▸ **Data extract**
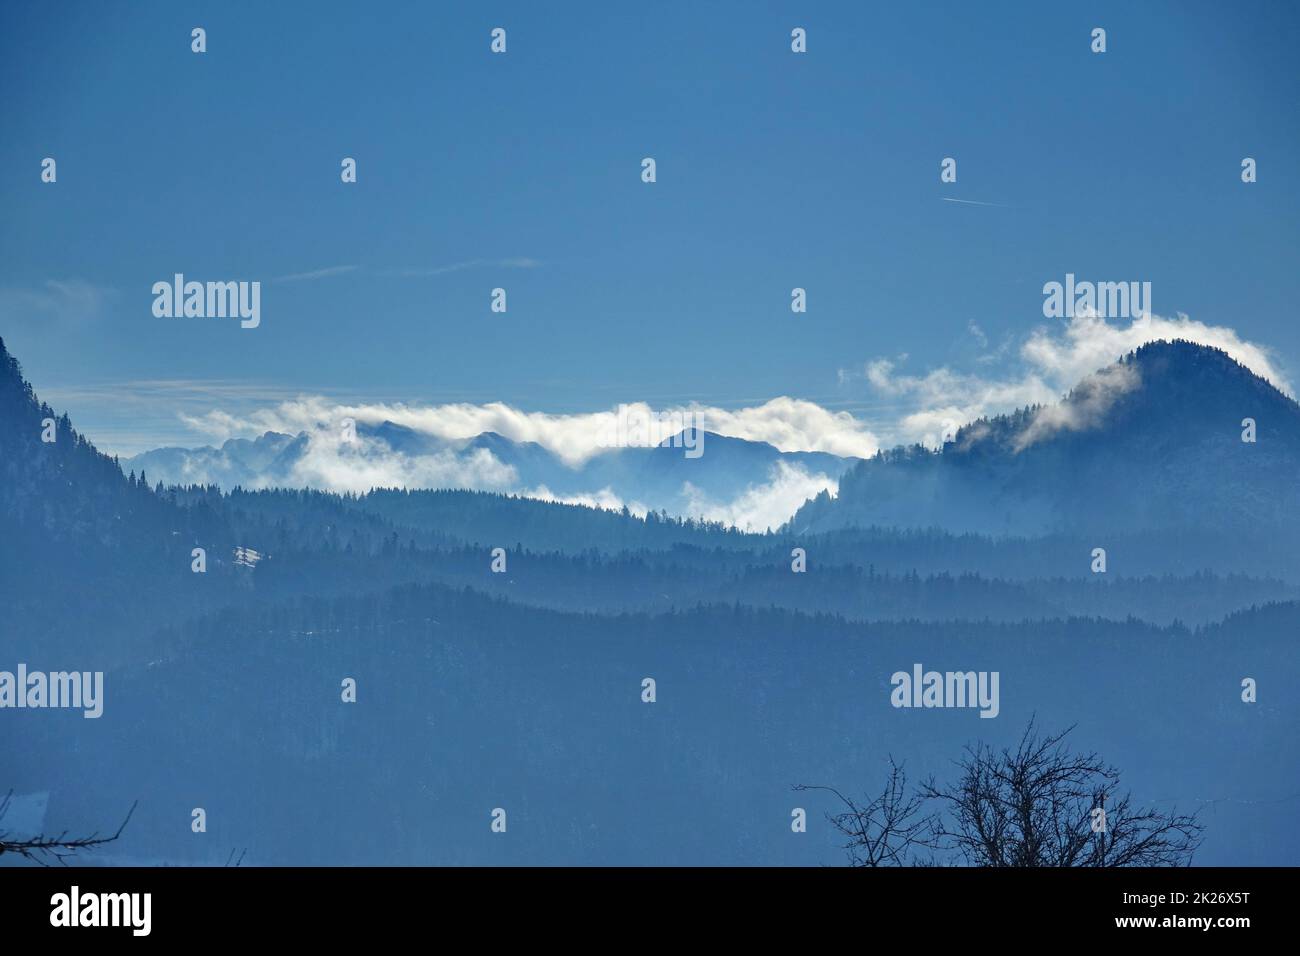 Germany, Bavaria, Upper Bavaria, mangfall mountains, Hiking paradise, landscape Stock Photo
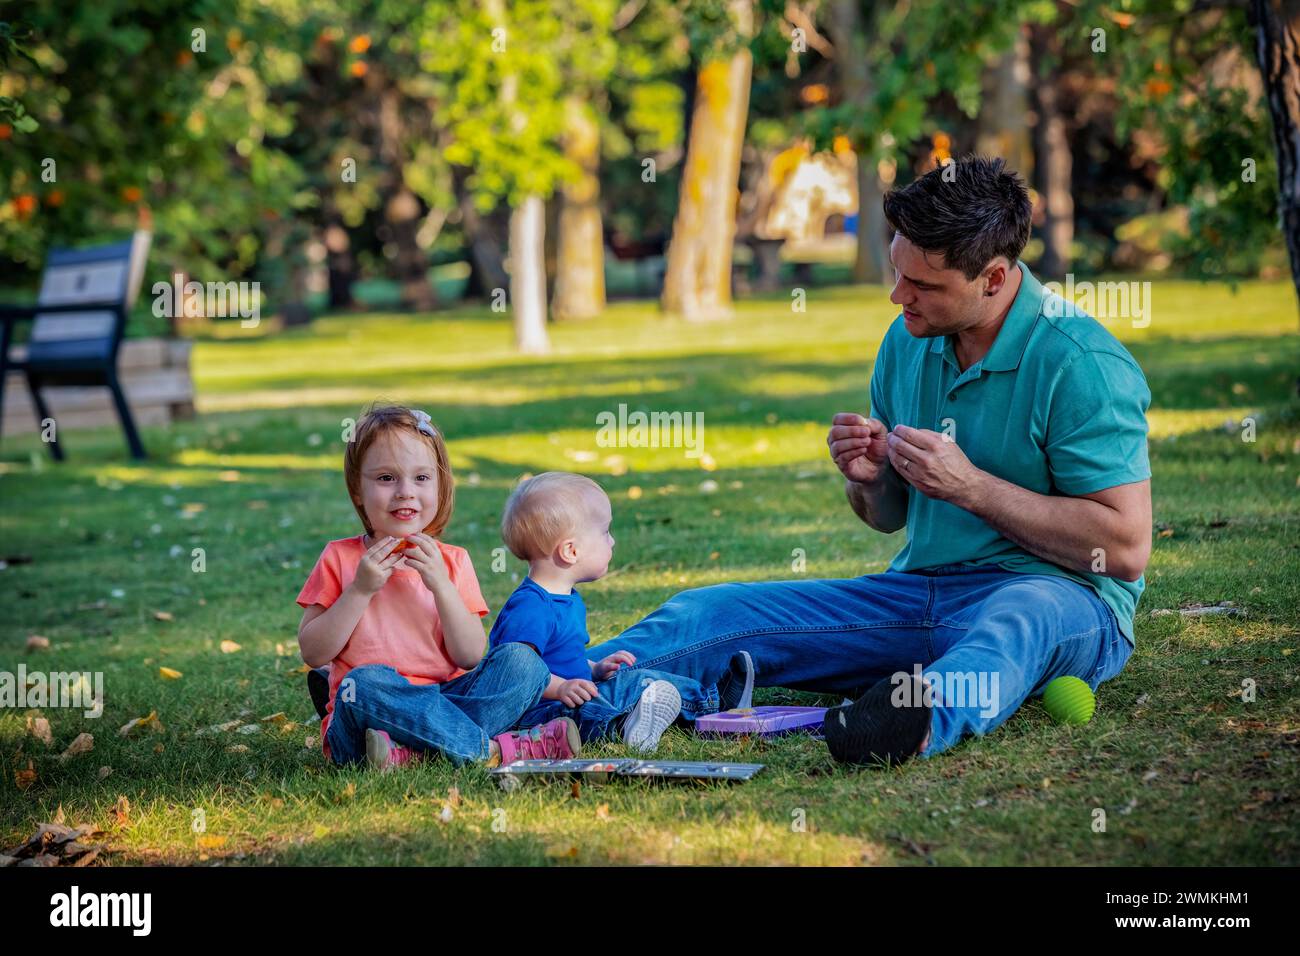 Padre che passa del tempo di qualità e usa il linguaggio dei segni con il suo giovane figlio che ha la sindrome di Down, mentre sua figlia gioca, in un parco cittadino durin... Foto Stock
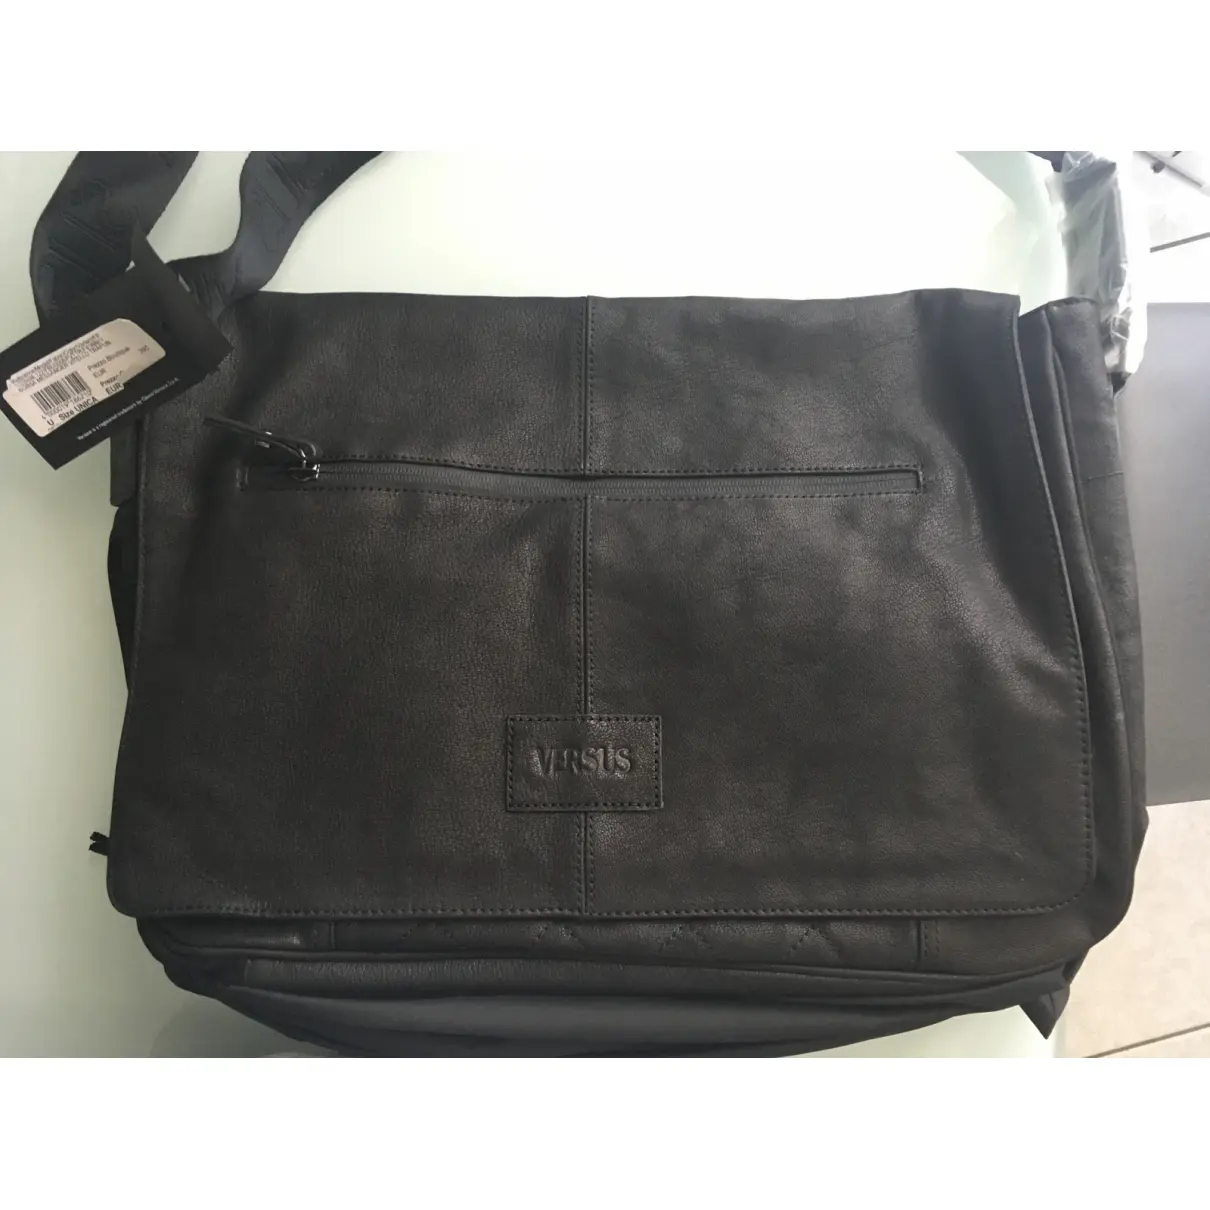 Versus Leather satchel for sale - Vintage

▸ **How to complete this task**
Every line of the material must be reproduced verbatim; the pictures are to be omitted.

▸ **Result below**
 Germany, Bavaria, Upper Bavaria, mangfall mountains, Hiking paradise, landscape Stock Photo
 Padre che passa del tempo di qualità e usa il linguaggio dei segni con il suo giovane figlio che ha la sindrome di Down, mentre sua figlia gioca, in un parco cittadino durin... Foto Stock
 Versus Leather satchel for sale - Vintage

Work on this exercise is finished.